As this is a very common type of report, consider automating it where you can and minimizing the amount of admin time spent on creating it.
2. Cost management reports
There are many financially-driven reports you can create with project management tools. The baseline summary is a good starting point. This shows you the current budget and the original budget so you can compare them. You can also generate expense reports that show different cost codes.
The amount of financial information available to you as a project team will depend on how much data is put in to your tools.
3. Resource reports
A weekly resource loading report shows who is scheduled for how many hours and what time they have available for additional work. This data is helpful to ensure that resources are being used efficiently and that they are not overloaded or at risk of burnout.

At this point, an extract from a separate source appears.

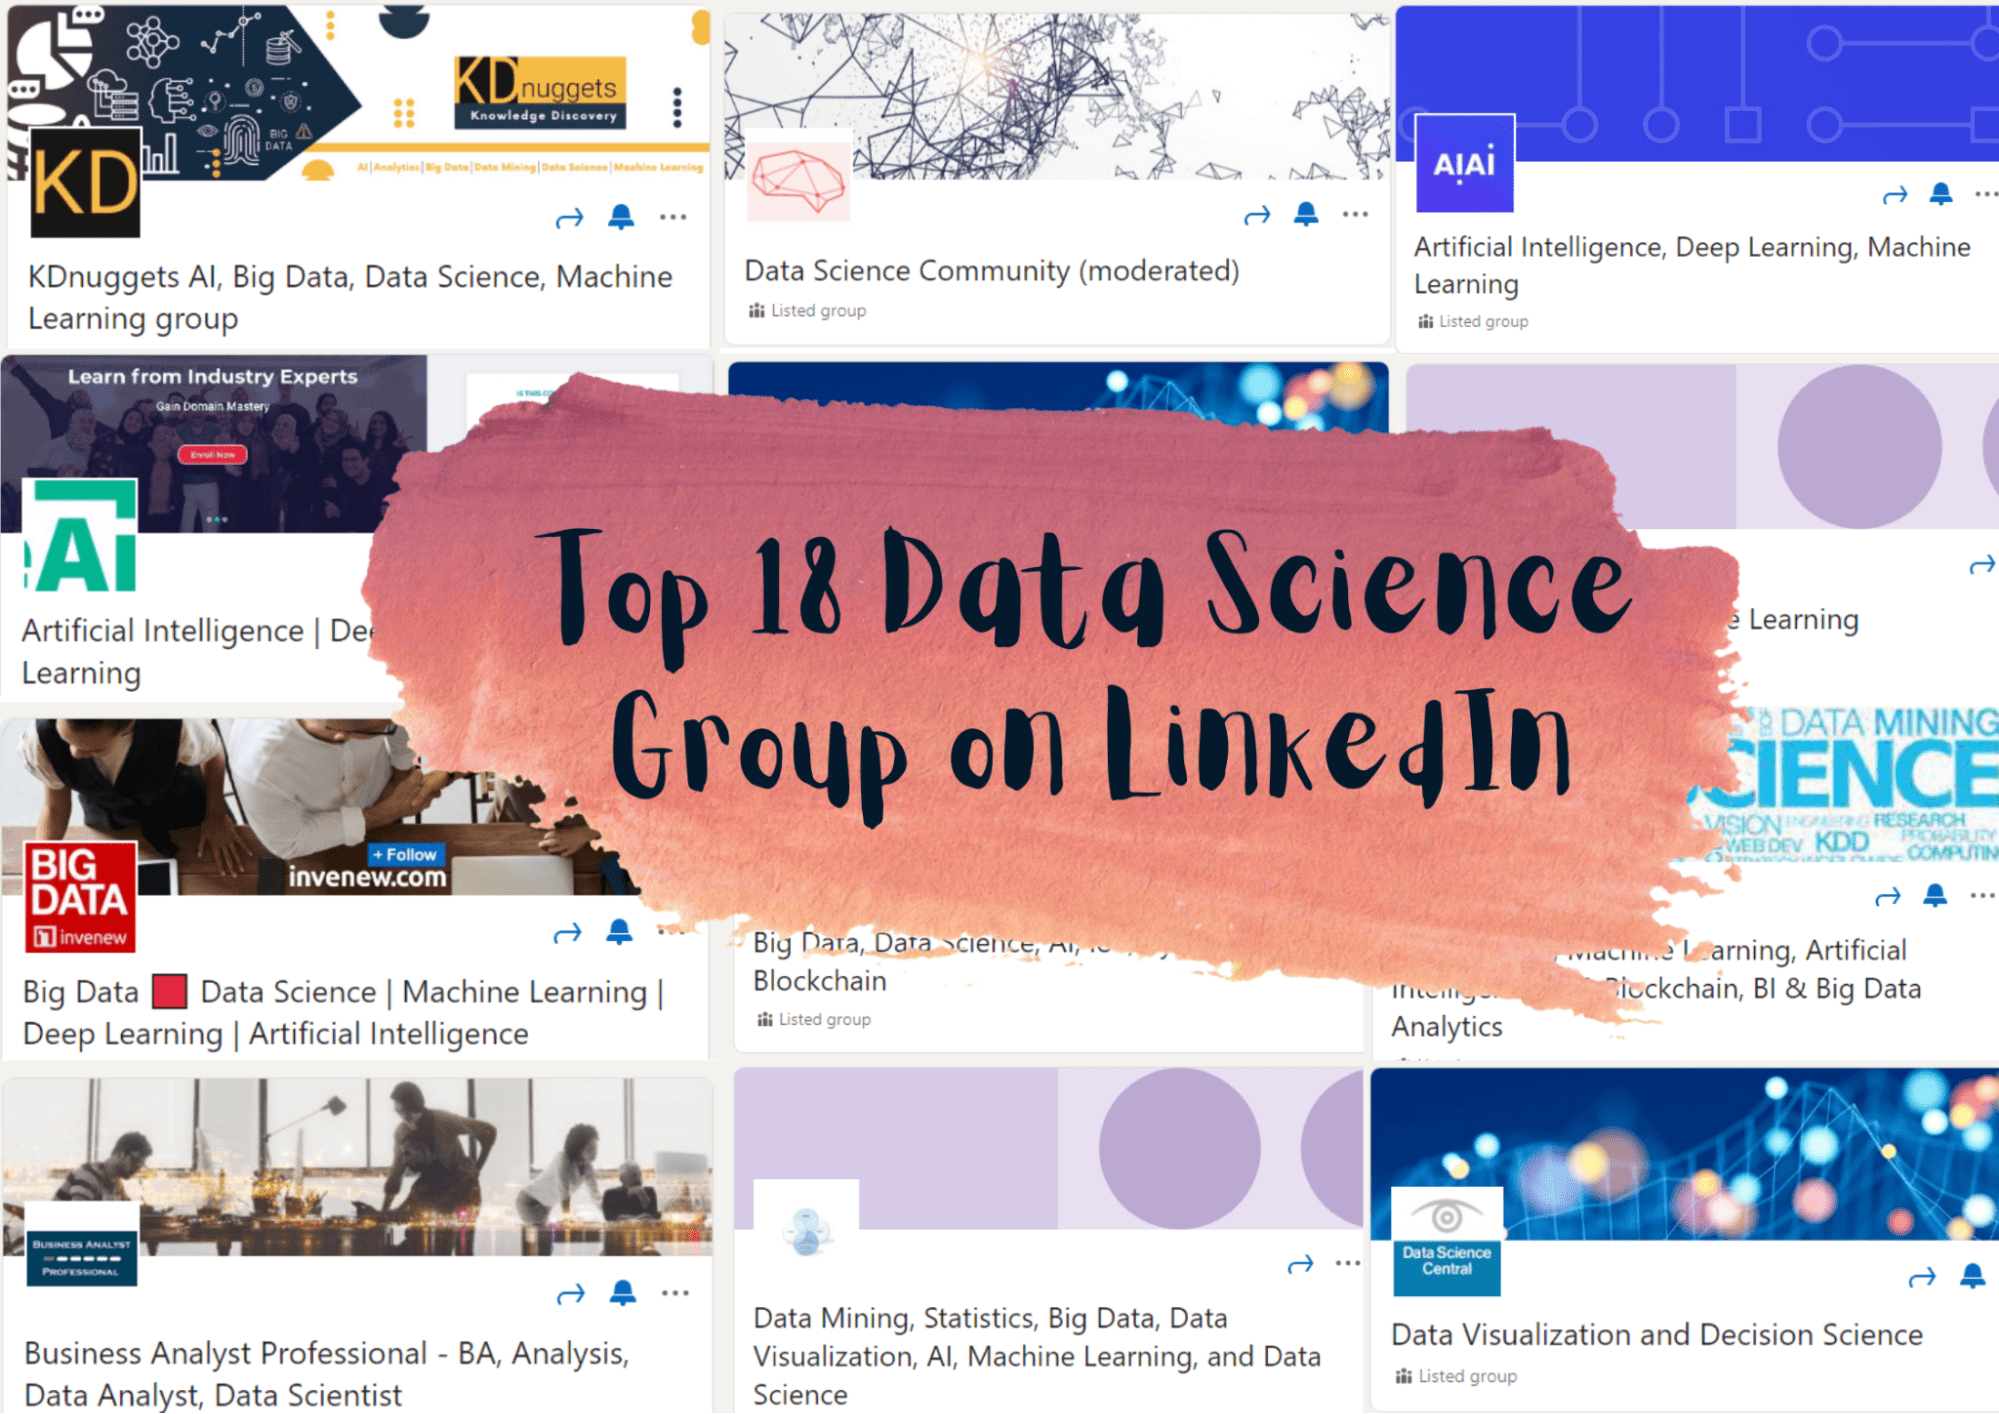 Top 18 Data Science Group on LinkedIn
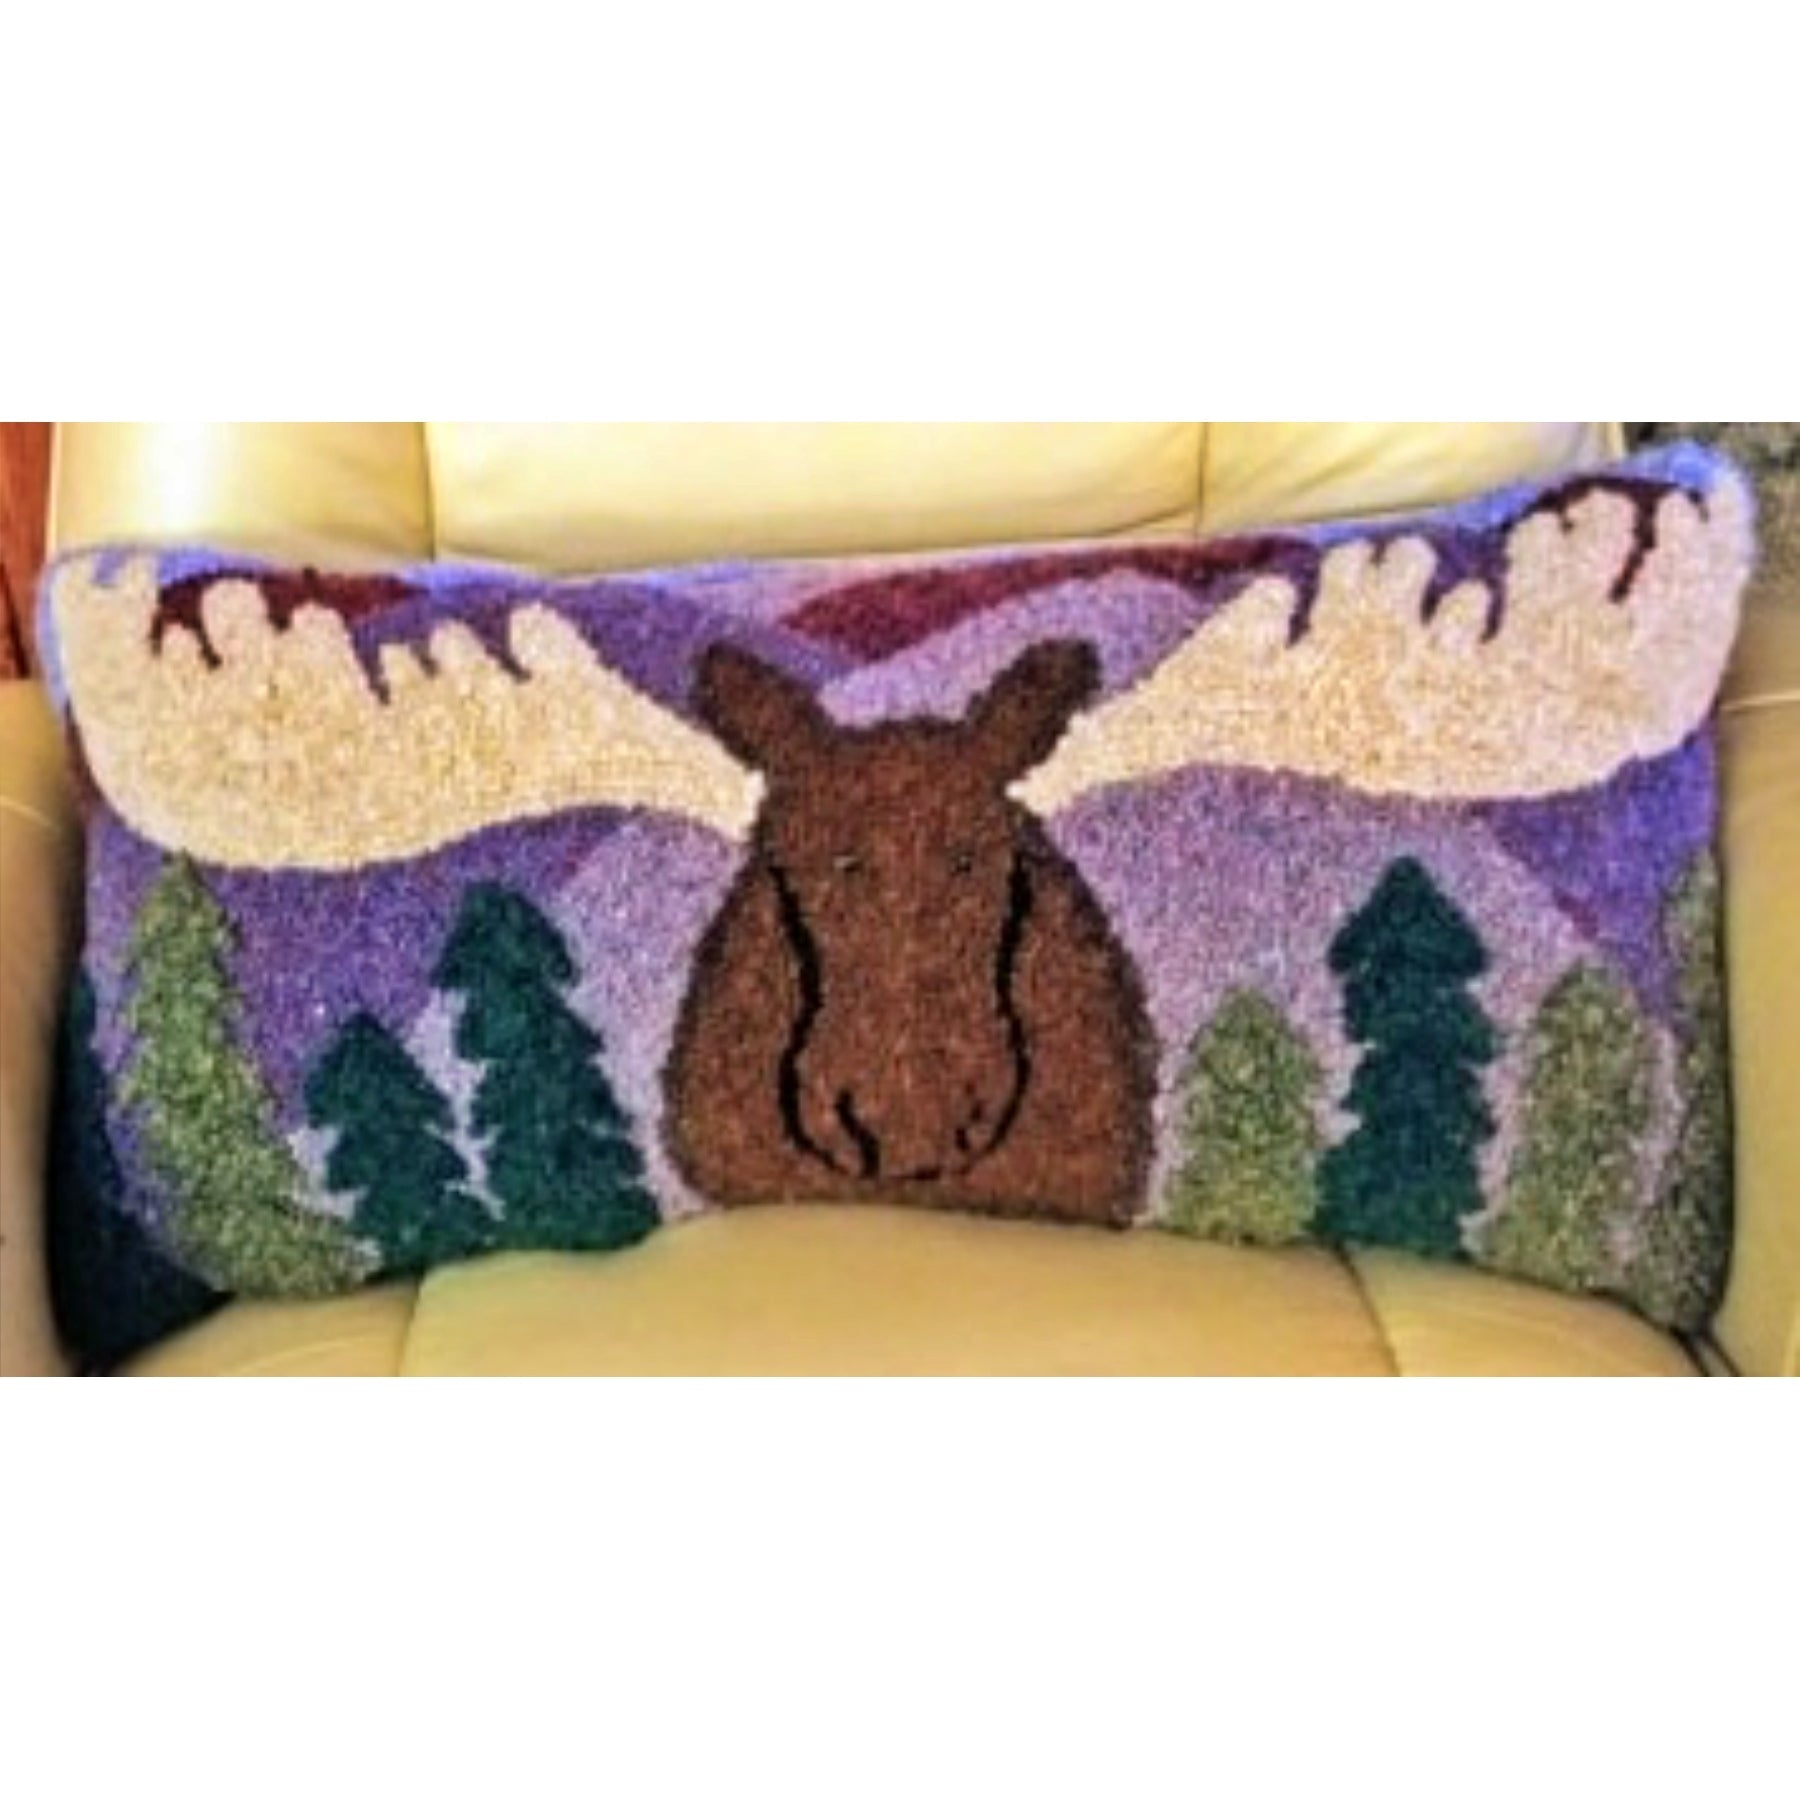 Moose on the Loose, rug hooked by Wendy Briggs Morin

Skill set reports are another useful output from your system. They show the list of resources along with their primary and other roles and proficiency level as defined for each role. Many project managers rely on these reports when assigning individuals to tasks as it is important to match skill level to activity. If you assign the wrong person to the work, it could take longer or even be done to a quality standard that does not match the requirements for the project.
4. Activity reports
Primavera P6 comes with a range of sample BI Publisher reports, including a set of reports that are specific to activity management. For example, you can create:
- Activity look ahead: shows activities with dates and statuses scheduled for the upcoming time period of your choice for the selected projects
- Activity relationships: shows activities with predecessor and successor tasks as well as lag and float
- Cross project relationships: shows activity relationships across projects
- Duration analysis: shows the comparison of planned and actual activity duration
- Activities that can work: shows tasks that can be started as all predecessor tasks are complete.
5. Earned value reports
We do not recommend creating earned value (EV) reports by hand, from scratch. Unlike some of the reports in this list which you could create manually if you had to, EV reports are better and more reliable if they come direct from your enterprise project management system and an integrated set of tools designed to capture the data and maintain its integrity.
BI Publisher can pull the relevant information together for you to prepare a project earned value report. It shows:
- Planned value
- Actual total cost
- Earned value
- Estimate to complete.
BI Publisher can display the information for the period as well as cumulatively in chart and table format.
EV reports are one of the most valuable types of project data for tracking project performance, so set them up correctly at the beginning, make sure the inputs are working as they should and you’ll be able to share rich and accurate data during the project execution phase.
6. Summary reports
Summary reports could be in the form of a dashboard or an executive summary presented at portfolio level or during a management meeting. Primarily, these reports are used for communication at high level so they don’t need to include a lot of detail. The contents should match the audience. For example, a presentation to the Chief Financial Officer should be tailored around what they would like to know, which is probably the budget!
7. Timesheet reports
BI Publisher can generate timesheet reports for you using the data in Primavera P6. Use the sample templates as a starting point or create your own timesheet reporting. Timesheet reports are useful as a way of ensuring compliance with any time recording policies. For example, you can show the timesheets submitted along with their review dates and who reviewed them.
You can also get a detailed timesheet report out of BI Publisher if you need to see all the timesheets for a date range, down to activities and hours worked per day.
The value in timesheet reporting is not simply to check that people are filling in their working hours. (Although that is helpful to stop revenue leakage.) If you are using an earned value management system, it’s likely that hours worked are one of the key inputs to that as a way of tracking project progress. Without that level of work data, you may not be able to accurately produce the earned value management data and track performance on particular tasks.
Project management tools like Primavera P6 have a vast reporting capability and when you learn BI Publisher you’ll be able to tap into all the options. Creating reports doesn’t have to be time-consuming. When you know how to use the tools, you can generate reports on auto-pilot and balance your time efficiently between the administrative activities of project management and delivery.